In a world where strong survives weak dies, this was an undisputed law. And then there was also the wonderful choice of slavery.
Blame the gods for not allowing you to be born with a silver spoon in this world. The mindset of the villagers were close to those from the middle ages. There technology not to far from that sort of age either.
It would be no problem for a family to send their elderly off with a smile once they became a burden with a 'hey thanks for your services until now, take this piece of hard bread and we wish you well in future endeavors'.
Of course future endeavors meant 'hope you rally through or freeze to death during winter'.
Chu's first view of this world was...
He came out and took a deep breath.
Big, big mistake.
Although his shack was one of the later ones built and located near the outskirts of 'slum central', it was still in the slums. Since toilets were free for all the stench was high. In places like these, no one ventured too far from their houses to conduct business.
He may have been used to the smell but that act of trying to take in the air of the new world nearly sent him gagging.
The hut was among those closest to the forest. They were clumped haphazardly about fifty feet apart on relatively flat land. The forest was to the west not to far but not near.
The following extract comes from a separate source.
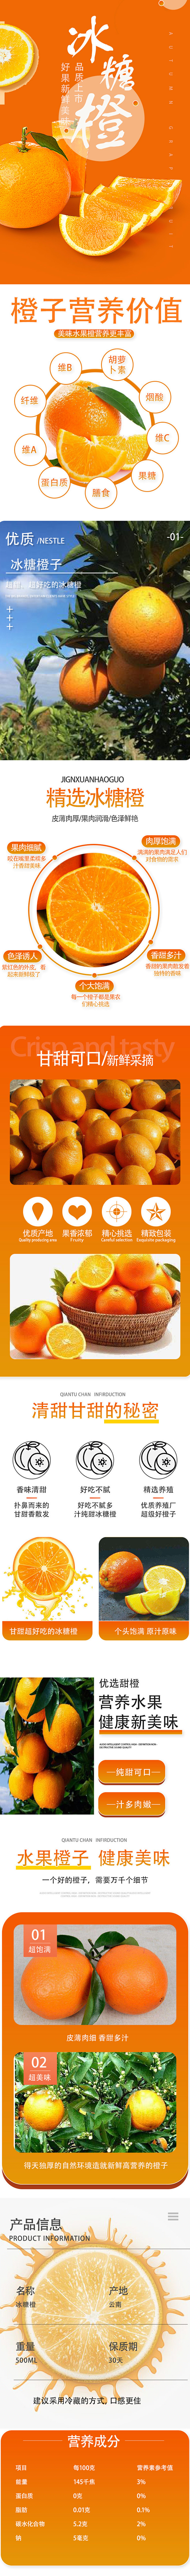 水果橙子详情页

Maybe around five miles give or take a few?
Made sense since it gave some time to prepare if raids came from it. It was wearing a multi colored coat of oranges yellows and green with lots of brown showing. Much like your typical temperate forest on earth.
The grasslands that bordered it stretched around with small, gentle hills popping up every now and again. To the east the wooden walls of the village made of tree trunks rose up about six feet from the ground. The spaces between them were just enough to stab a spear through it. No doubt built to defend against animal attacks.
His first impression after this sight was as if he had ventured back in time to the middle ages. A memory of drawing water from a well using a bucket and rope entered his mind.
It was not a good feeling.
Use the backing of family to start developing?
The reason he left was to prevent all of them from sharing this magnificent scene.
Go to Guild and get some easy herb picking quest?
This place deals with wild animal's fur and meat. WTF, am I in a game?
With my teeth?
An axe is a tool used by those with certain skill. Iron is scarce in the village as can be noted that the most popular weapon is a spear made of entirely wood.
The kid can't even read or write, you feel mana drops from the sky when you want?
Invent start business?
Look around fool, you're in the fricking wilderness. People here are lucky if they hold a silver coin during their short lives.
Travel to the nearest city?
A belly full of bitter water?
Yes yes, truly SCREWED!
"Hey, you lost your mind?"
A slap on his head jolted Chu back to reality. The person talking was a burly kid around fifteen. Maybe he should say out of the ten kids present, he was the largest among the malnourished.
Everyone dressed in shabby attire, some had boots with more holes than soles while others made up such deficiency with torn clothes. Chu surveyed his neighbours not forgetting to note down the slap he received from Ming.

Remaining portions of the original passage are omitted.